[Data section]
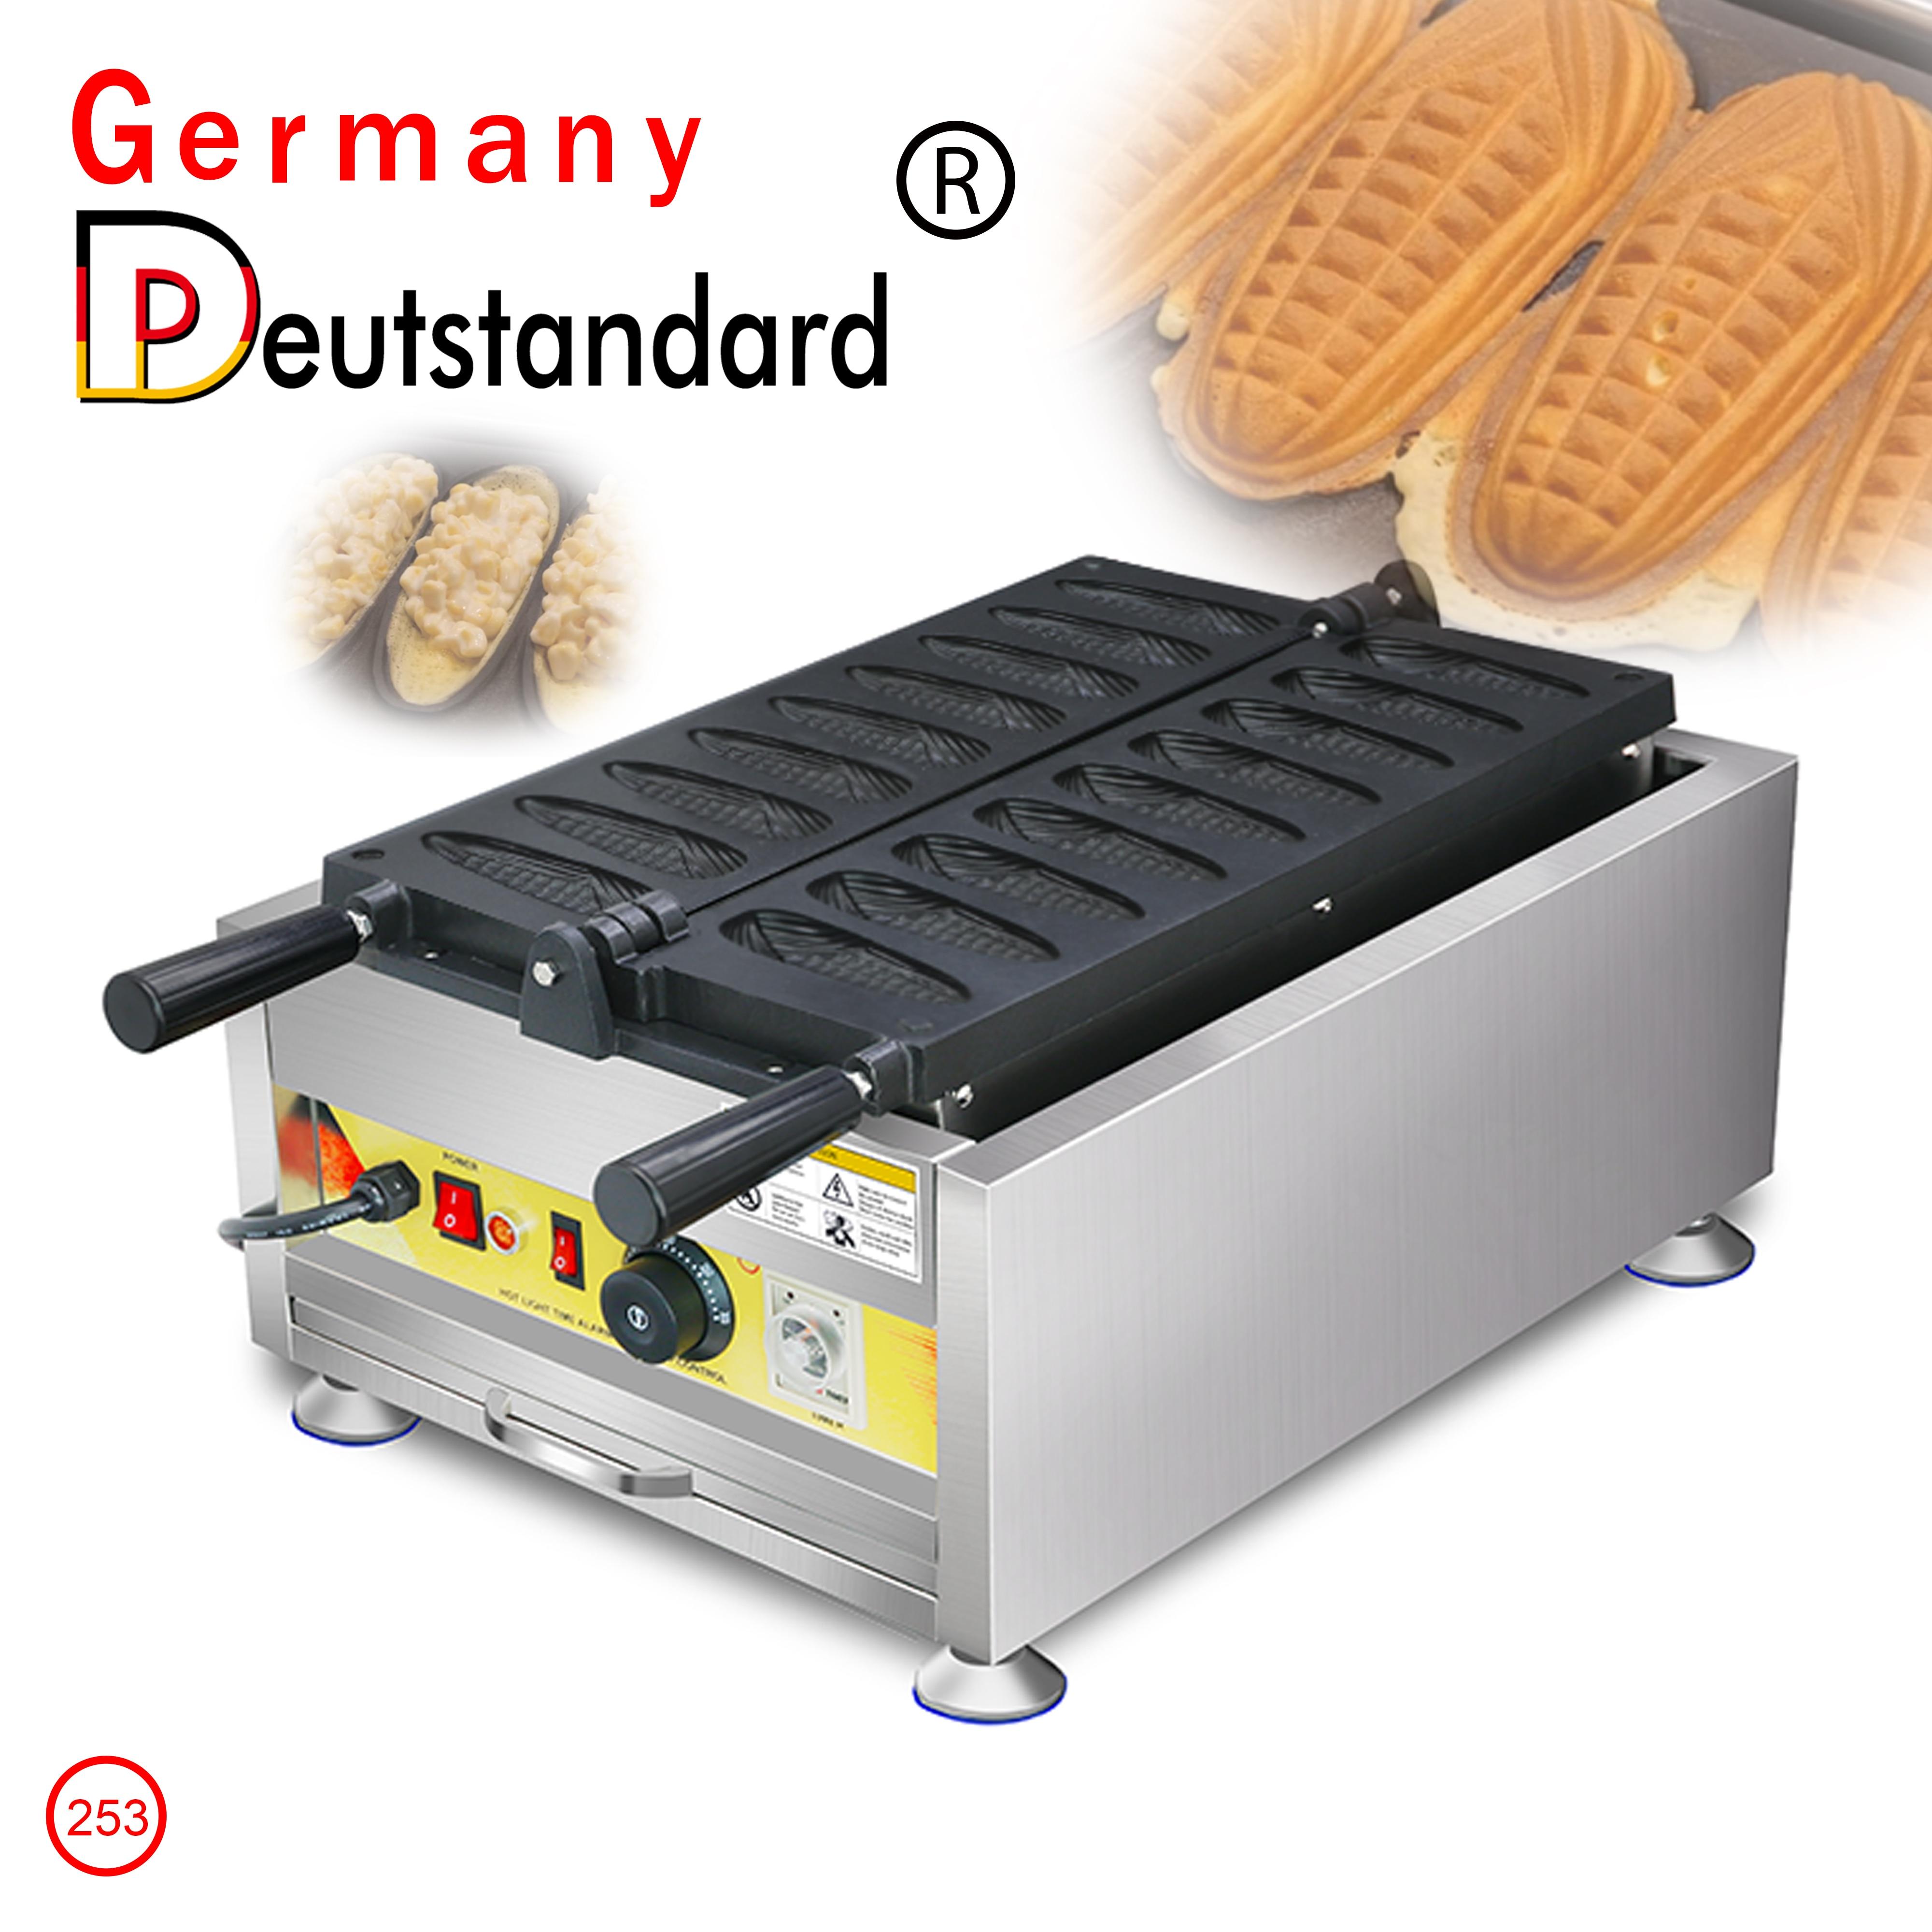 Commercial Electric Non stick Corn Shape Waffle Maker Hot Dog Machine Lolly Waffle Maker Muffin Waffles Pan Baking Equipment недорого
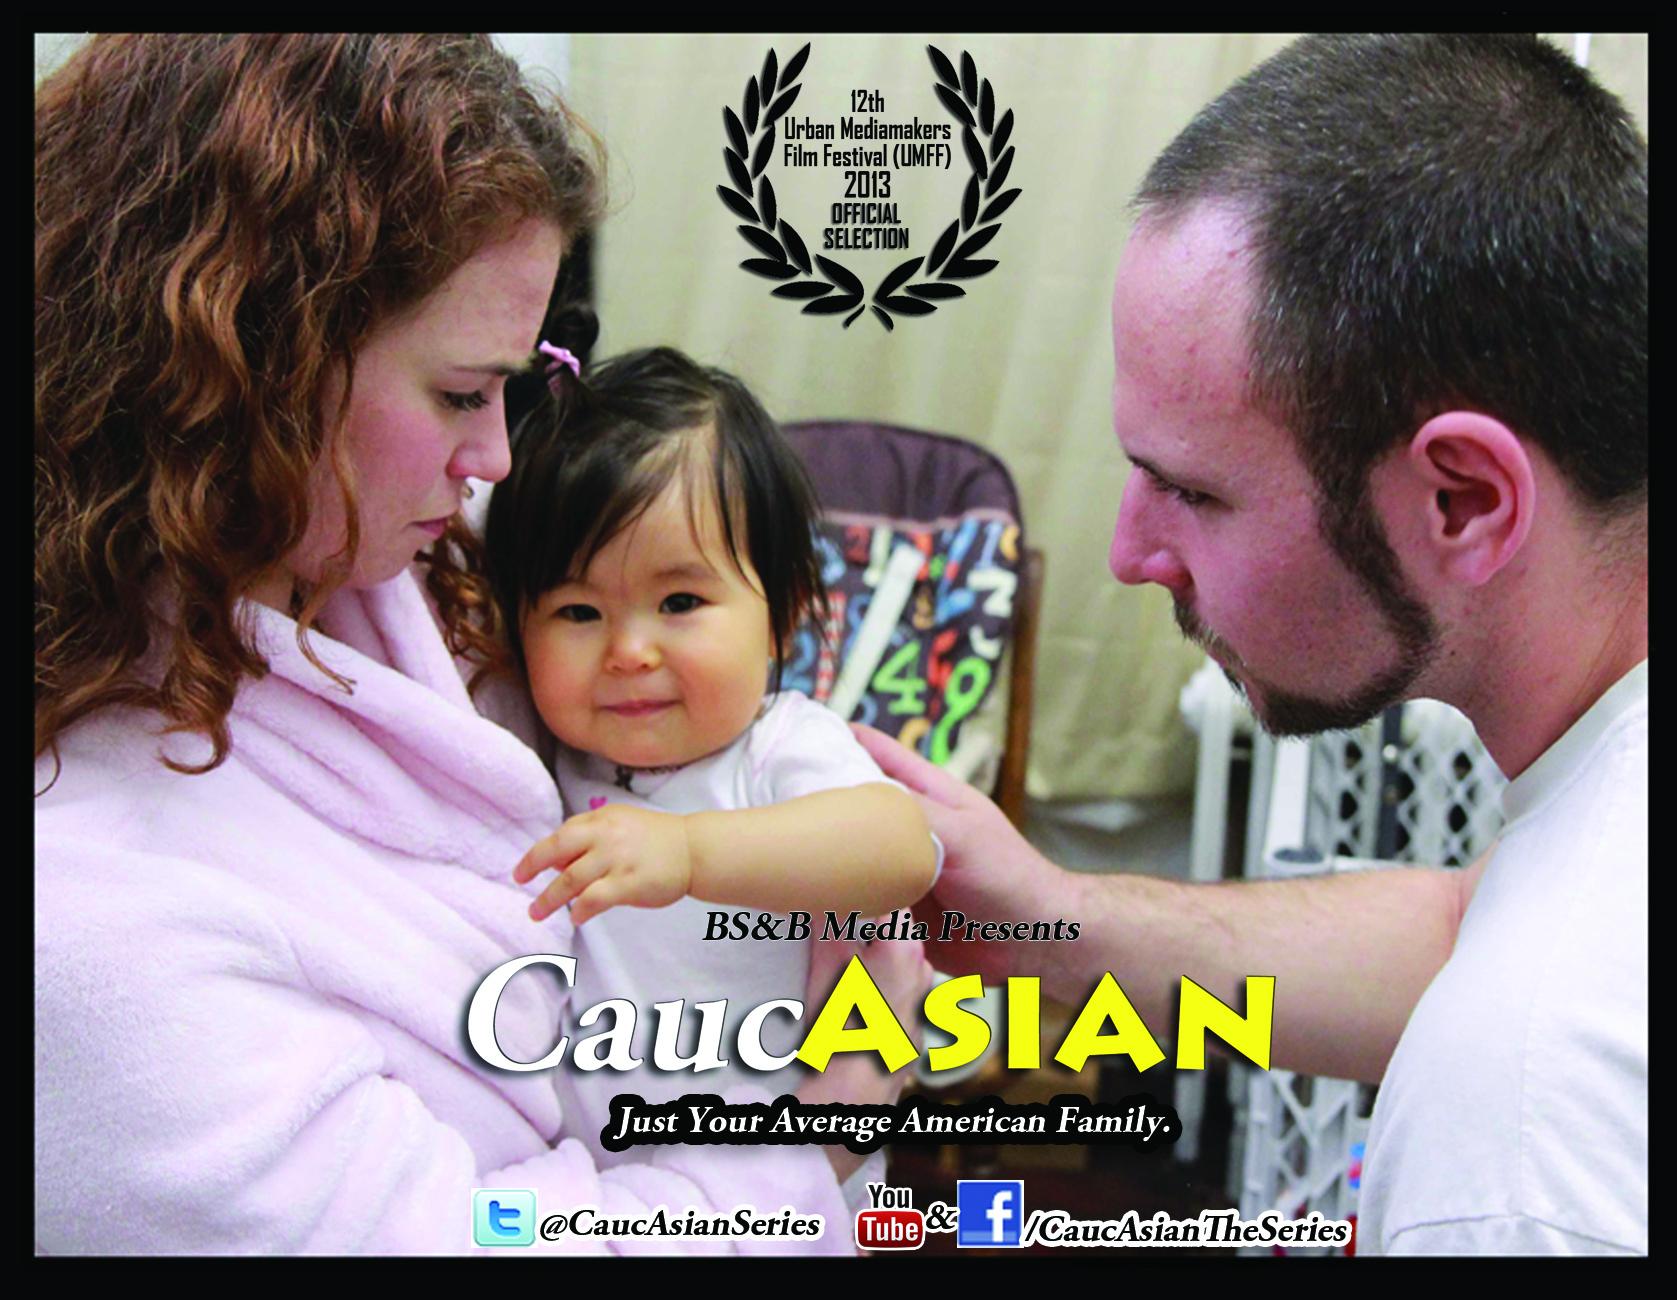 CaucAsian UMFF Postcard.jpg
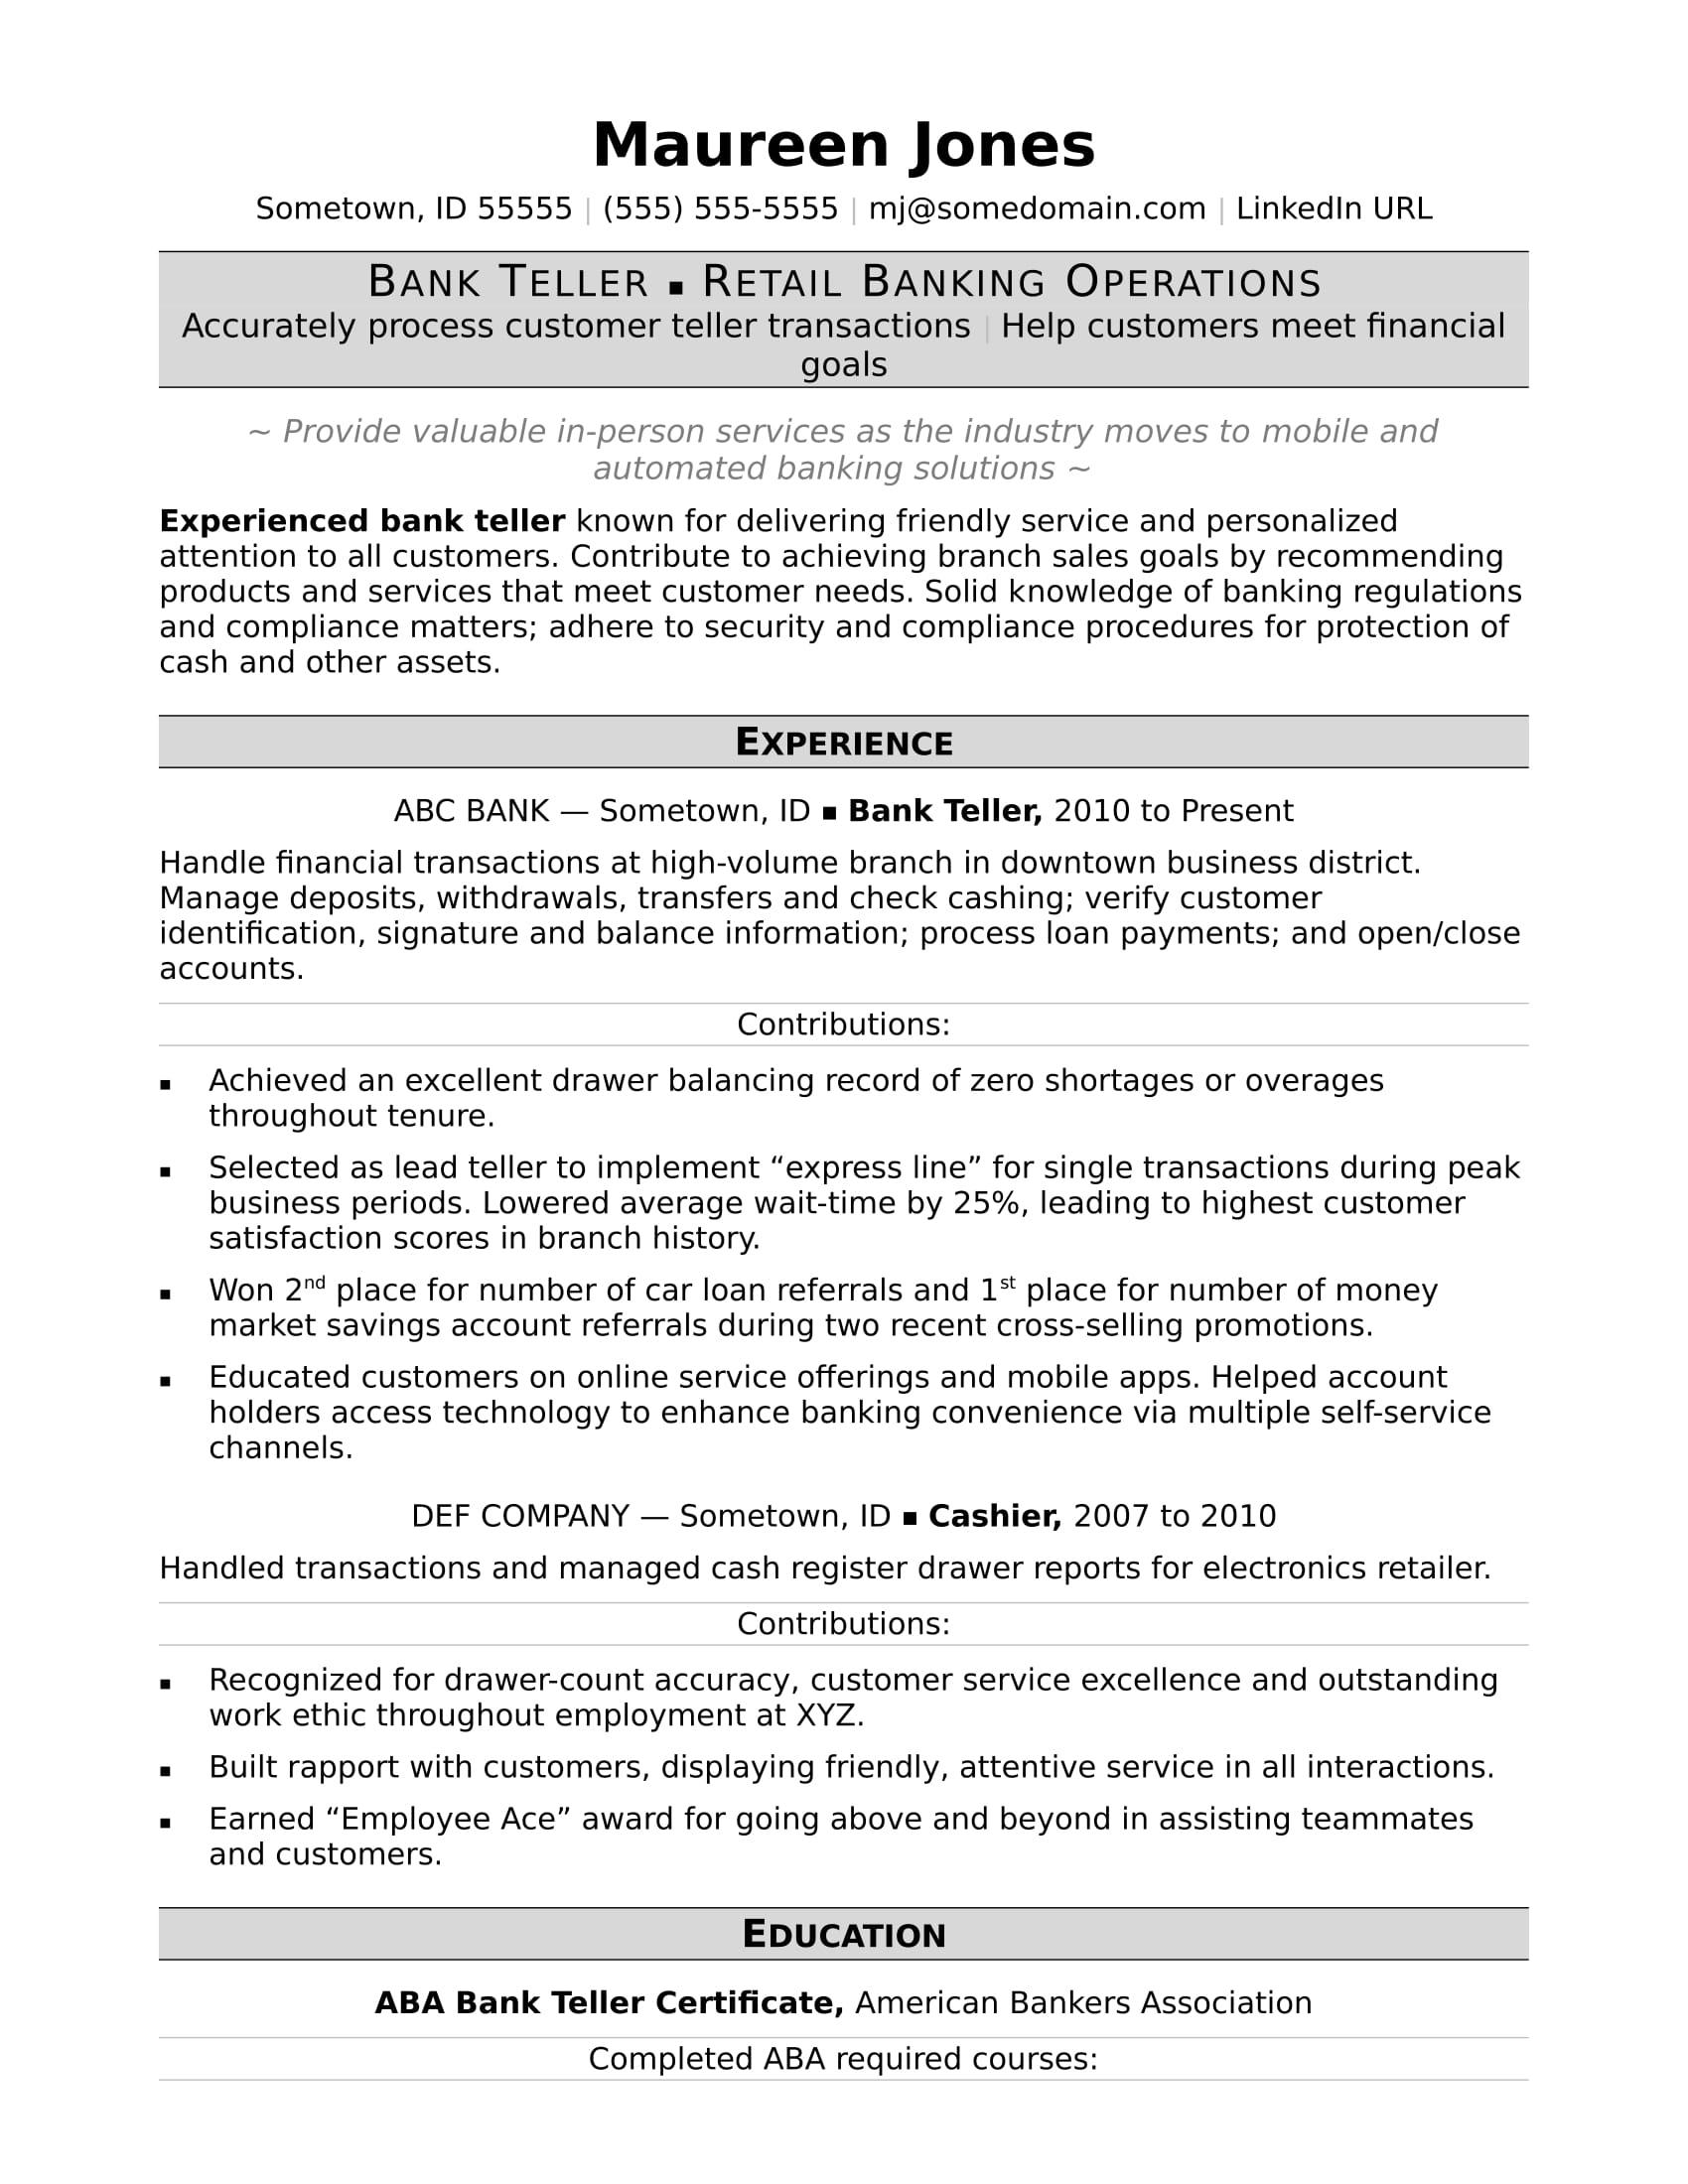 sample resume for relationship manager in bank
[/Data section]
▸ What you will do:
Word for word, repeat the lines of data above, omitting every picture.

▸ The completed task:
 Commercial Electric Non stick Corn Shape Waffle Maker Hot Dog Machine Lolly Waffle Maker Muffin Waffles Pan Baking Equipment недорого
 CaucAsian UMFF Postcard.jpg
 sample resume for relationship manager in bank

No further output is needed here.